Бледный, с пылающими глазами, Мизар все смотрел на машиниста; это была блестящая мысль.
— В ящике с солью! Верно! А я ведь про него совсем забыл! Под ящиком, наверное, есть тайничок, побегу посмотрю…
Поспешно расплатившись, участковый сторож побежал на вокзал, в надежде, что успеет еще попасть на поезд семь десять. Он торопился в свой маленький низкий домик, чтобы приняться там опять за нескончаемые поиски.
Вечером, после обеда, в ожидании поезда, отходившего без десяти минут час, Филомена уговорила Жака прогуляться. Пройдя несколько темных переулков, они вышли за город. Была жаркая безлунная июльская ночь: Филомена, страстно вздыхая, все тяжелее наваливалась на Жака, почти повиснув на нем. Два раза ей показалось, будто она слышит позади чьи-то шаги; она оборачивалась, но как ни напрягала зрения, ничего не могла различить в темноте. Жак с трудом выносил духоту этой предгрозовой ночи. Все время с момента убийства он испытывал огромное чувство покоя, внутренней уравновешенности, но сегодня за обедом, лишь только Филомена прикоснулась к нему, он снова ощутил возвращение роковой болезни. Быть может, это было просто утомление, нервное состояние, вызванное напряженностью атмосферы. Теперь, когда он всем своим телом чувствовал прижавшееся к нему тело женщины, в нем опять подымалось тревожное желание, соединенное с затаенным ужасом. Но ведь он выздоровел! Он убедился в этом, — Филомена принадлежала ему, и он не испытывал при этом желания убить! Возбуждение его все росло; опасаясь припадка, он хотел вырваться из объятий Филомены, но непроницаемый мрак окутывал ее, и это умерило его тревогу: никогда, даже во время самых сильных приступов, он не стал, бы убивать, не видя хорошенько своей жертвы. И вдруг, когда они проходили по пустынной проселочной дороге, мимо бугра, поросшего густой травой, и Филомена, бросившись на землю, притянула его к себе, в нем опять проснулась чудовищная потребность убить. В исступлении он стал отыскивать в траве что-нибудь, сук или камень, которыми он мог бы размозжить ей череп. Рывком оттолкнул он ее от себя, вскочил и, как безумный бросился бежать; ив это время он услышал позади мужской голос, брань, проклятия, шум борьбы.
— Ах ты, распутная баба! Ну, все ж таки выследил я тебя, хотел поймать с поличным!
— Врешь! Пусти!
— Ты еще запираешься?.. Молодчик-то, что был с тобою, убежал! Но я знаю, кто это, он от меня не уйдет!.. Вот тебе, паскудница, вот!… Посмей только еще запираться.
Жак бежал со всех ног в непроглядном ночном мраке. Он узнал Пекэ, но бежал он не от него, а от самого себя.

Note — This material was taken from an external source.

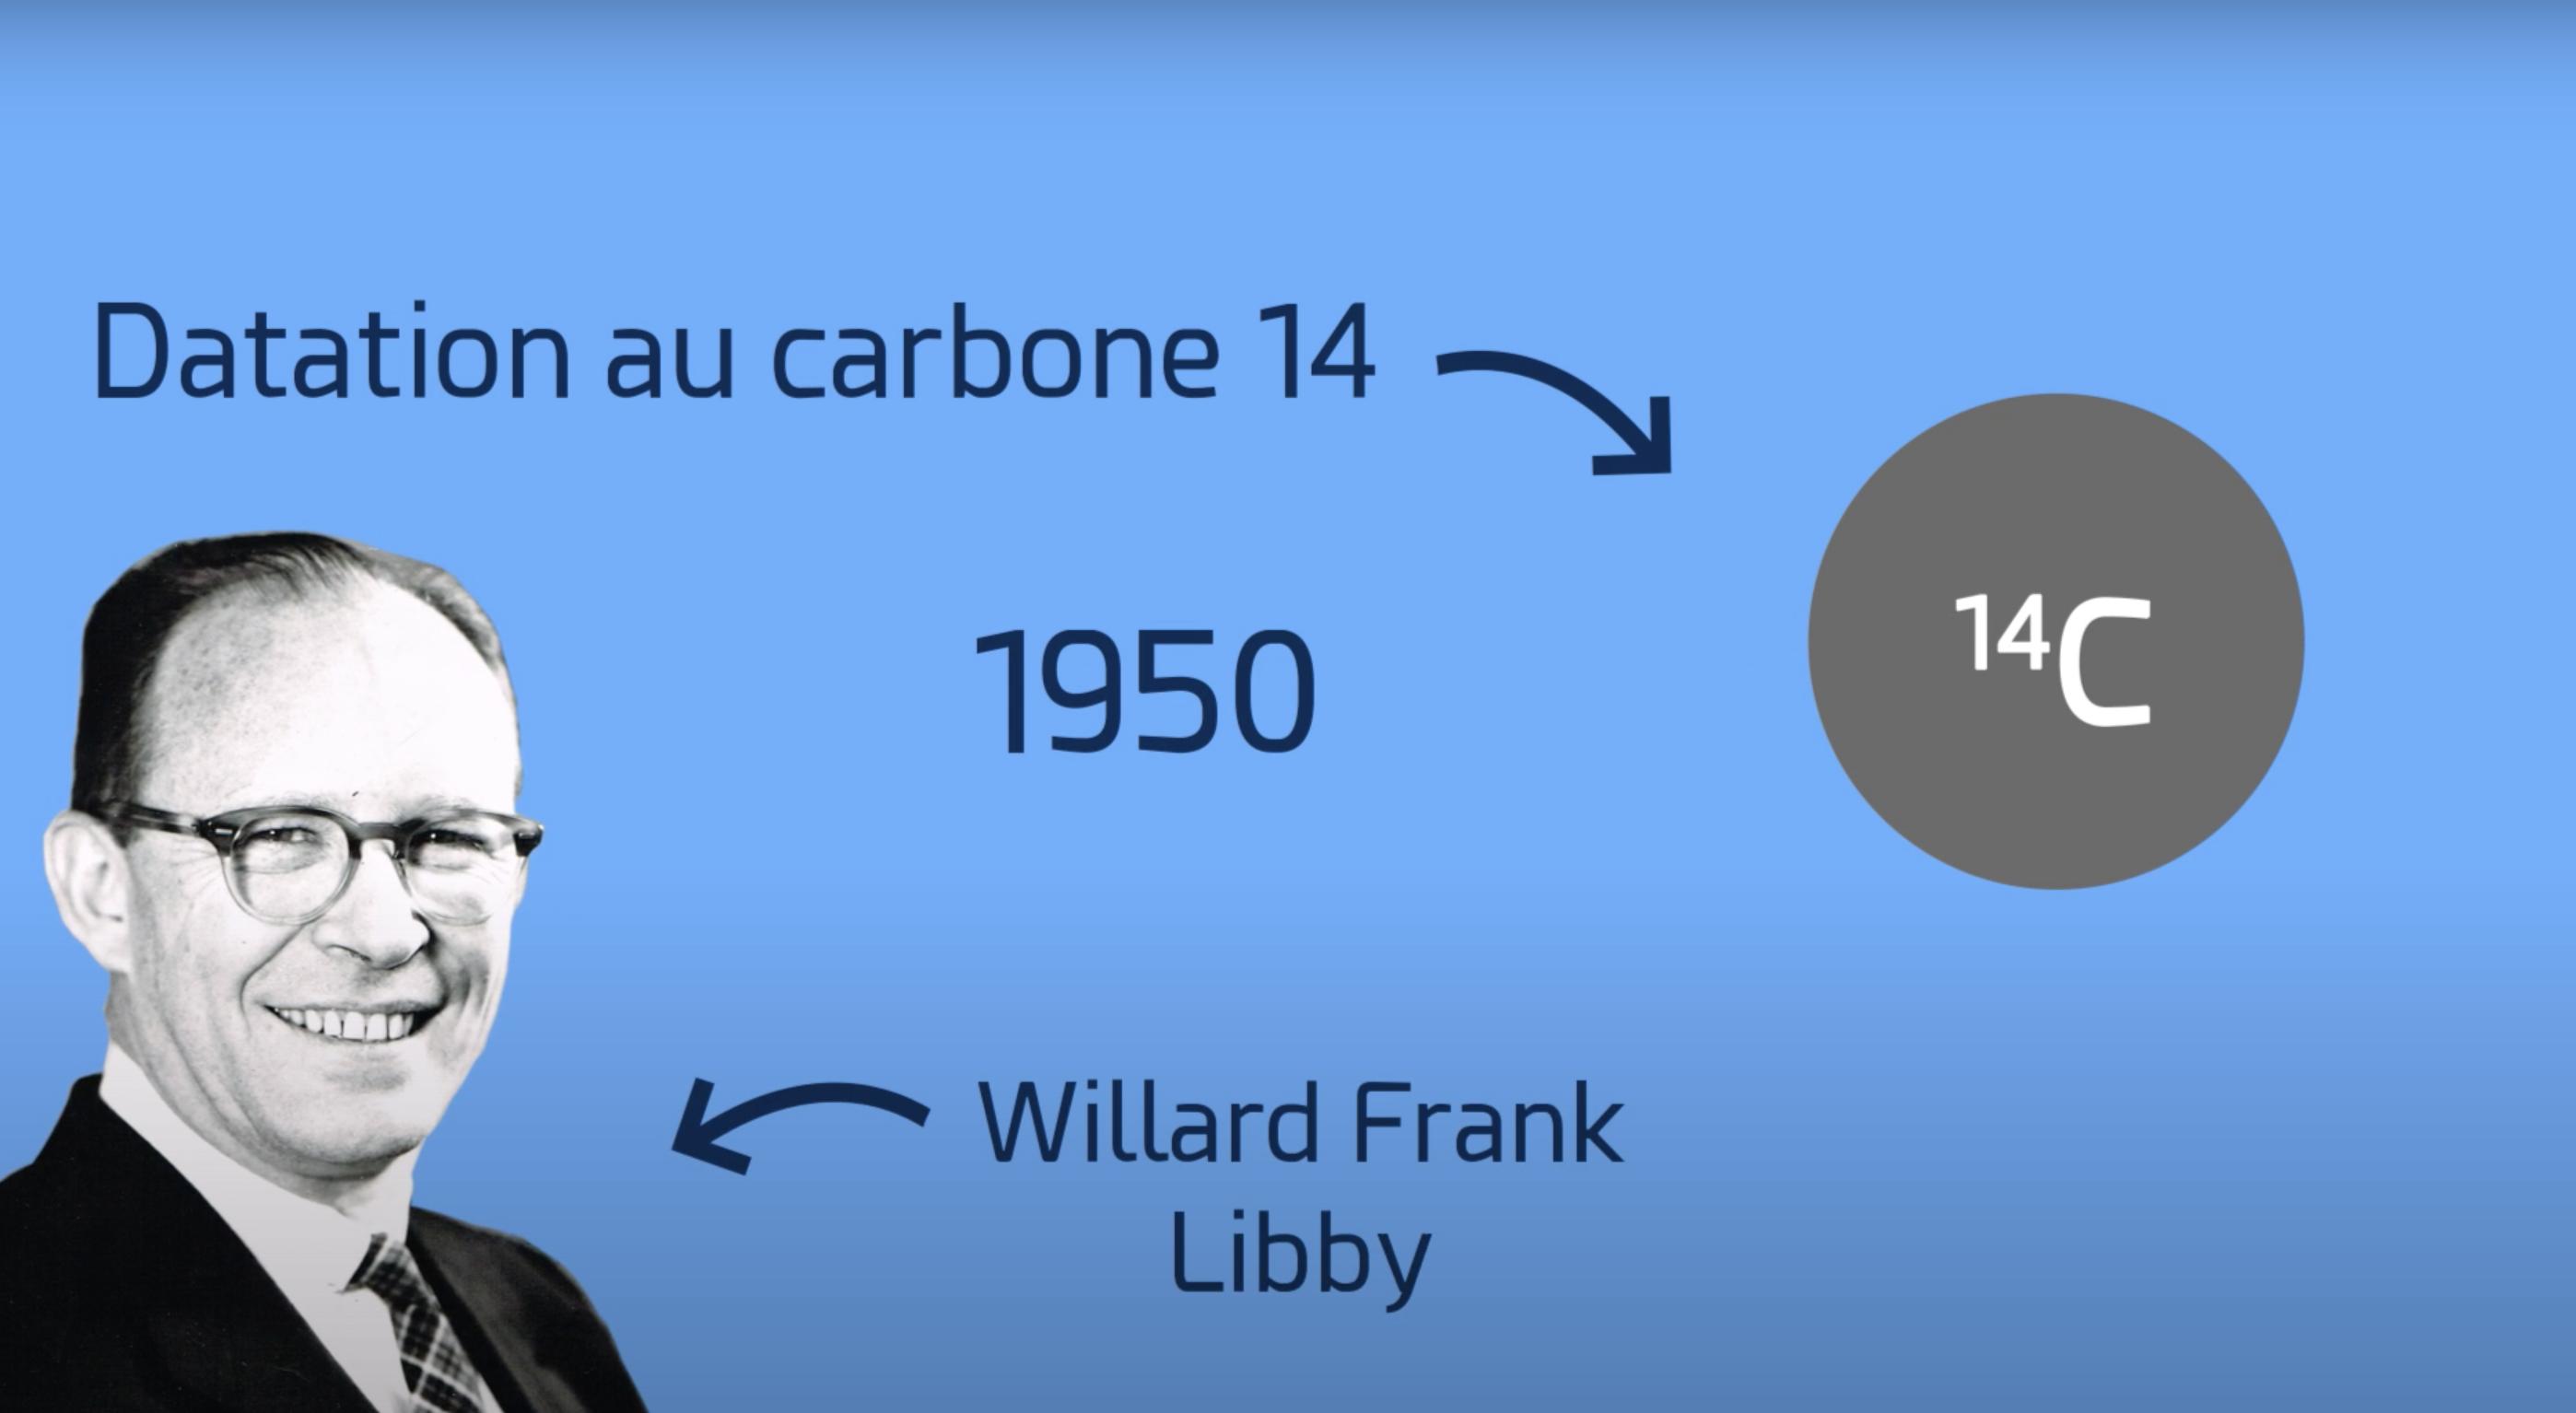 Datation au carbone 14 (vidéo)

Он обезумел от горя; итак, одного убийства для него недостаточно, он не утолил до конца своей жажды кровью Северины, как это казалось ему еще сегодня утром. В нем опять бродит прежнее. Он убьет еще одну женщину, потом другую, и снова, и без конца будет убивать! Если он насытится, то поело нескольких недель оцепенелого спокойствия в нем снова проснется хищный голод, и утолит этот голод только женское тело. Теперь ему незачем было даже видеть, перед собою это соблазнительное женское тело, довольно было чувствовать его запах и теплоту, чтобы явилась неудержимая потребность убить, чтобы в нем проснулся свирепый самец, который не может не растерзать попавшуюся ему самку. Жизнь кончена — впереди только одна глубокая, непроглядная ночь, исполненная беспредельного отчаяния.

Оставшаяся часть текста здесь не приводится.